>>>>
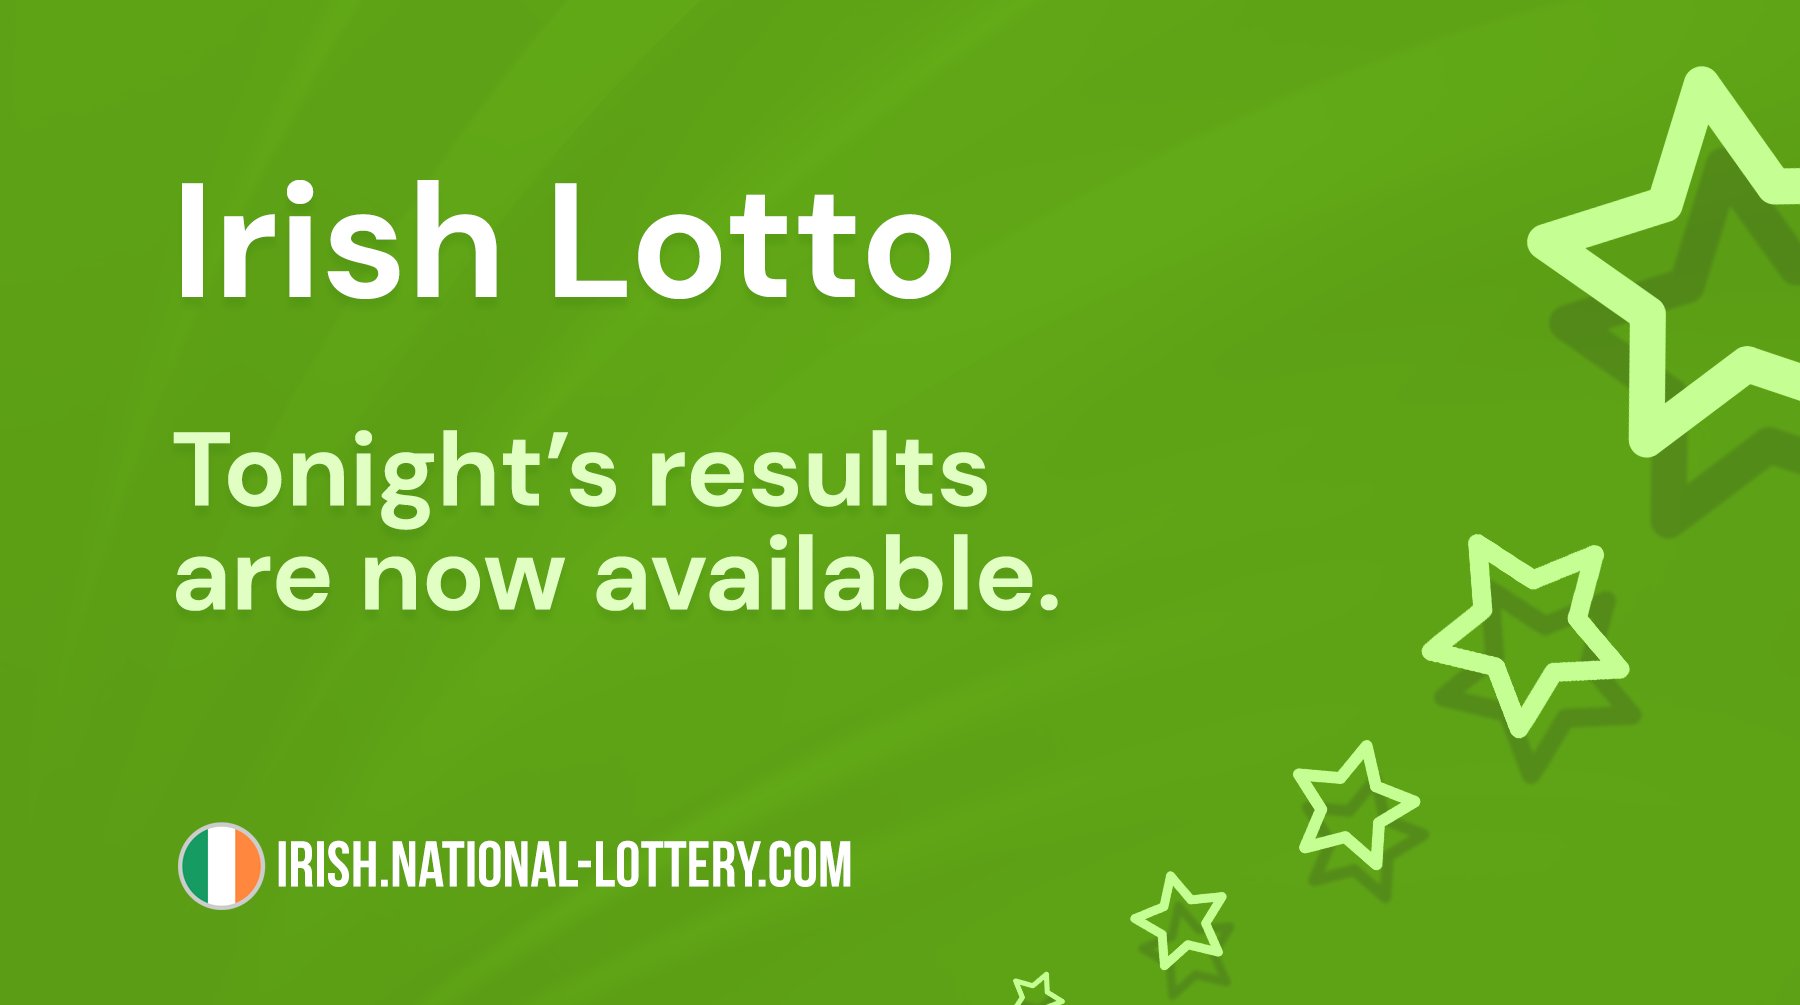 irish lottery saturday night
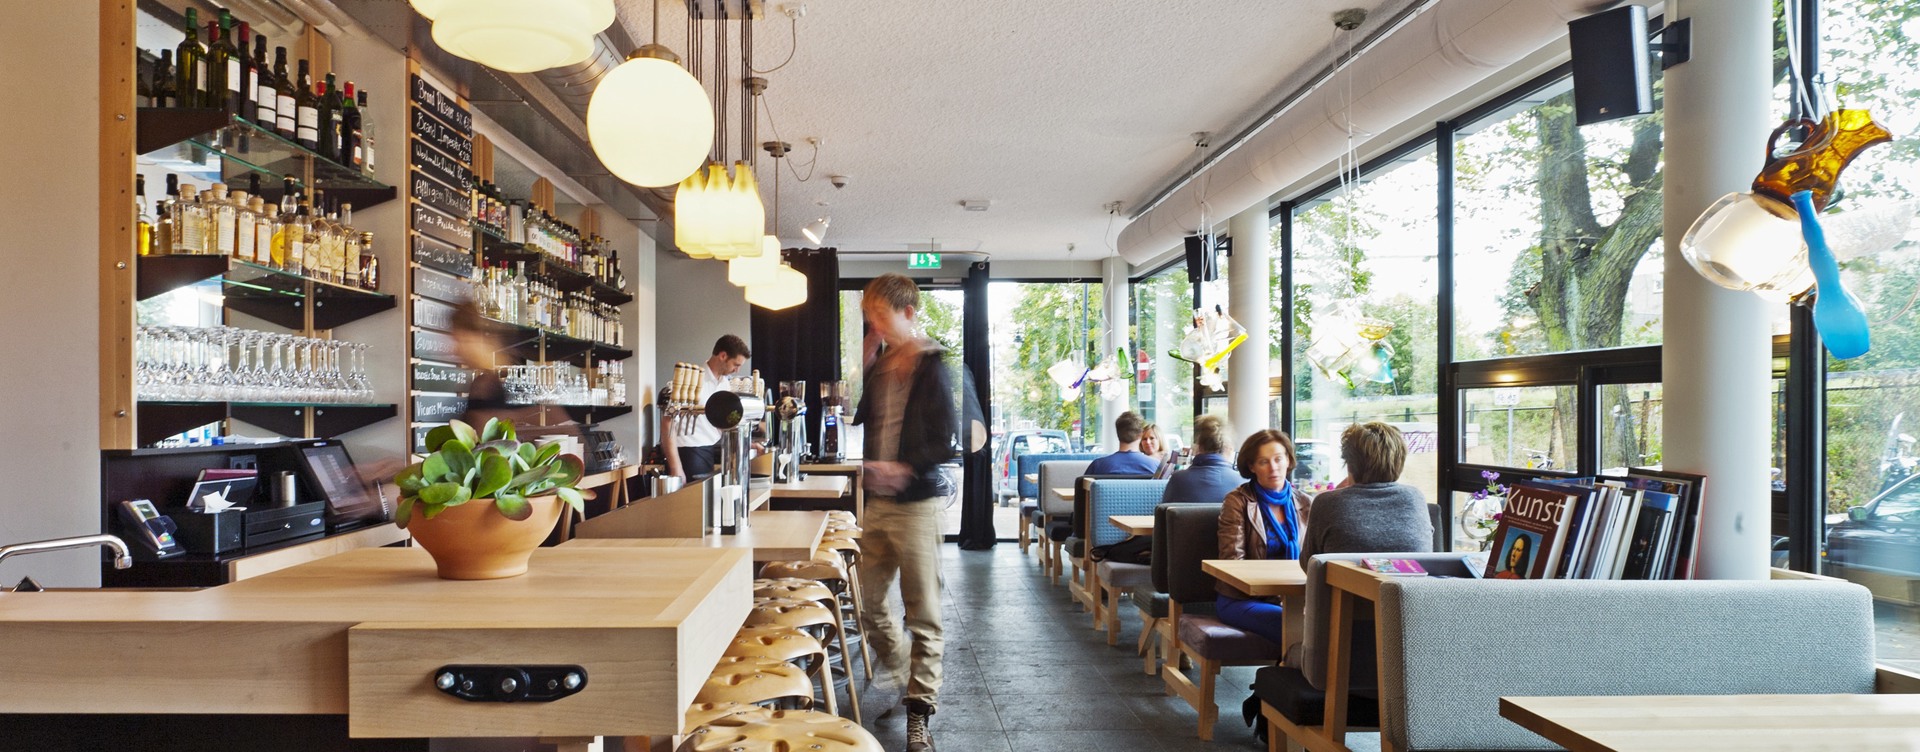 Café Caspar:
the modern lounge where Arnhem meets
<<<<
>>>>
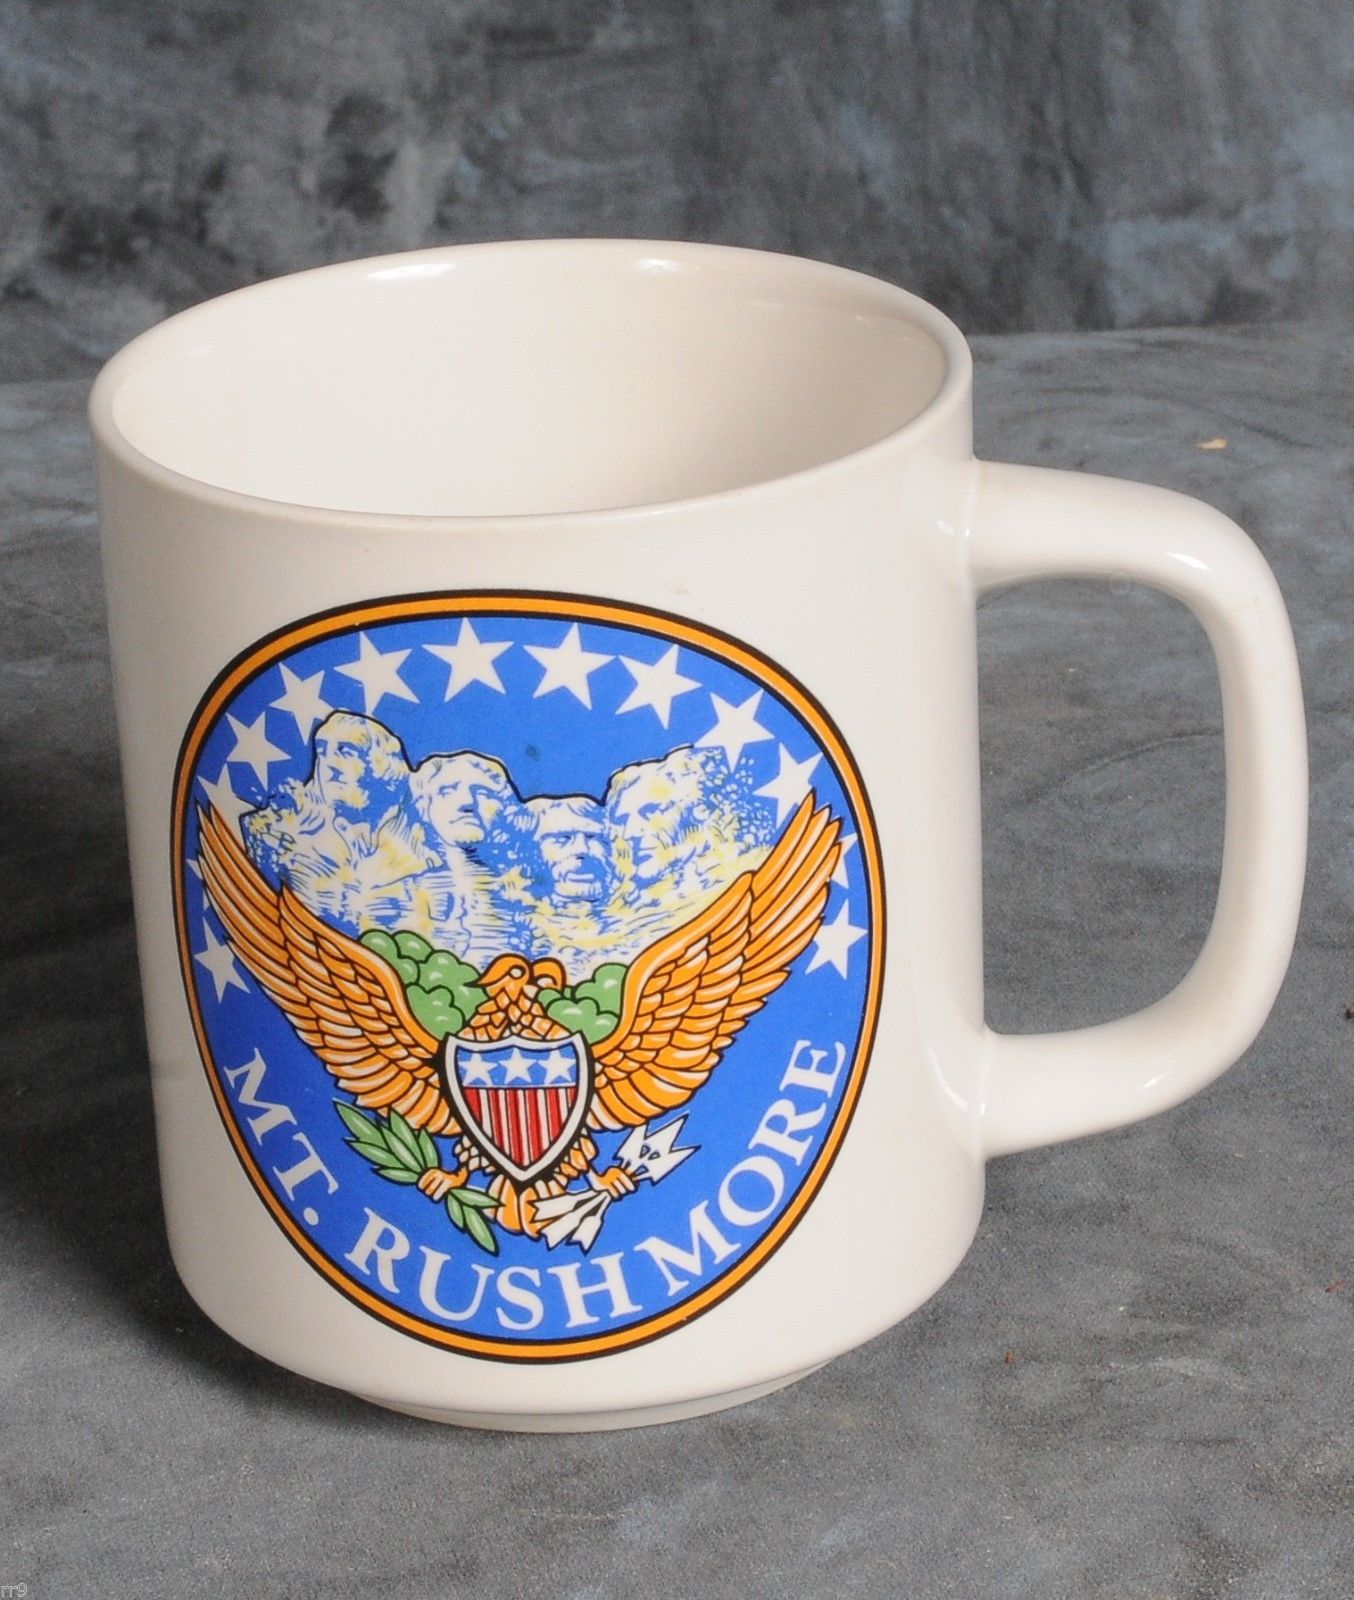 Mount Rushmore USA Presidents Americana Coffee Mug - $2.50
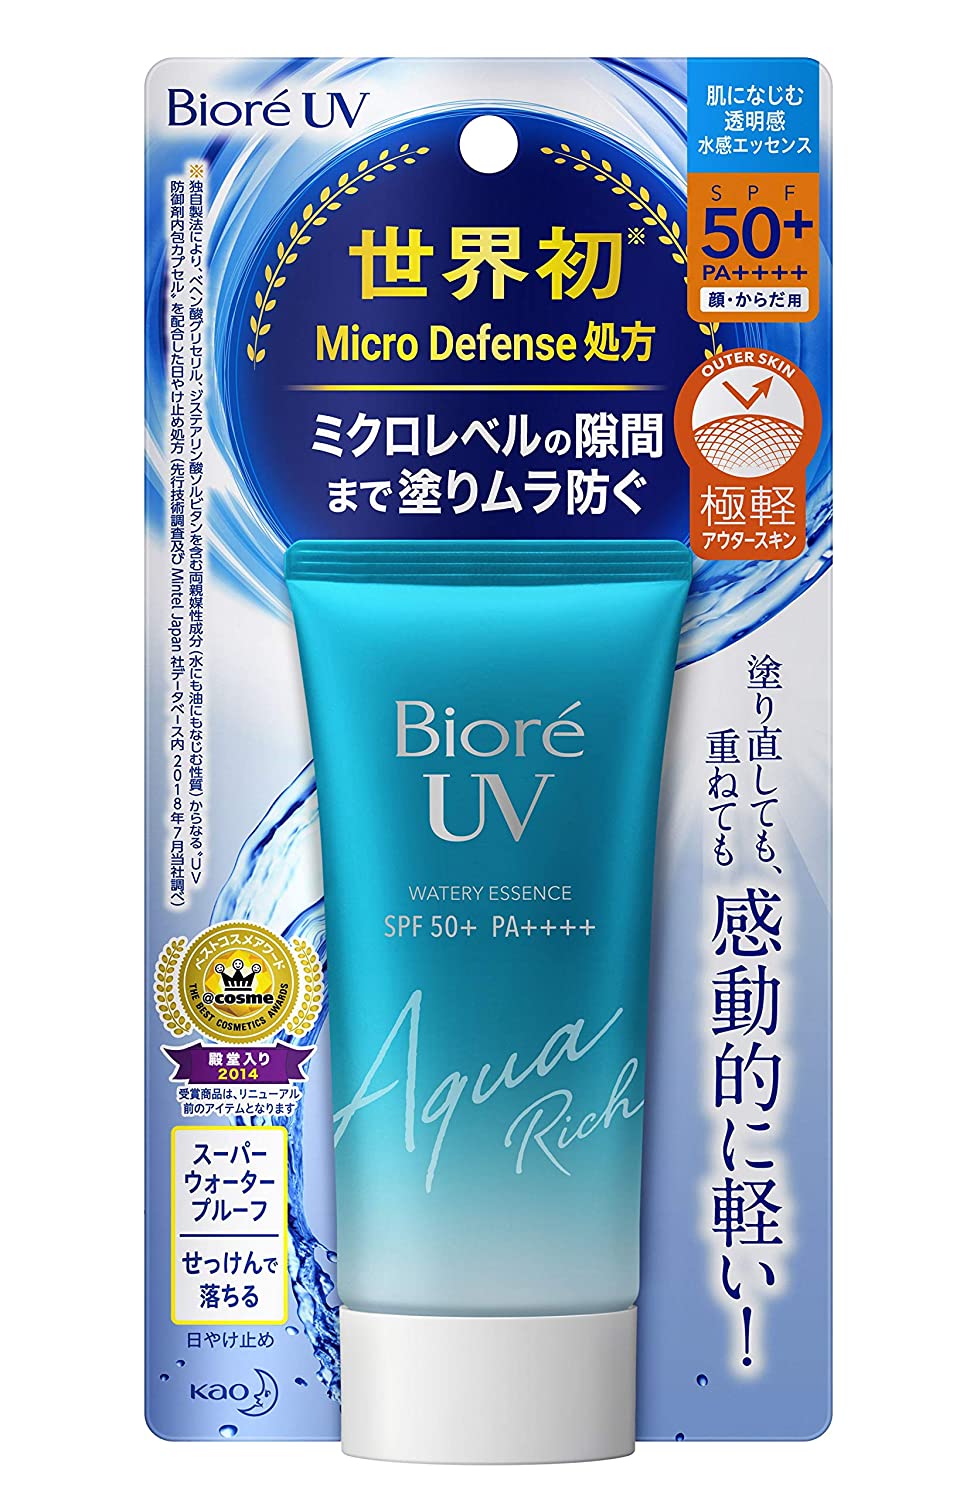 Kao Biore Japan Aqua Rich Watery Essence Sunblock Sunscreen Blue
<<<<
Within the listing above, find the line containing "irish lottery saturday night" and the line containing "the modern lounge where Arnhem meets". Transcribe them and everything between them exactly, leaving out the pictures.

 irish lottery saturday night
 Café Caspar:
the modern lounge where Arnhem meets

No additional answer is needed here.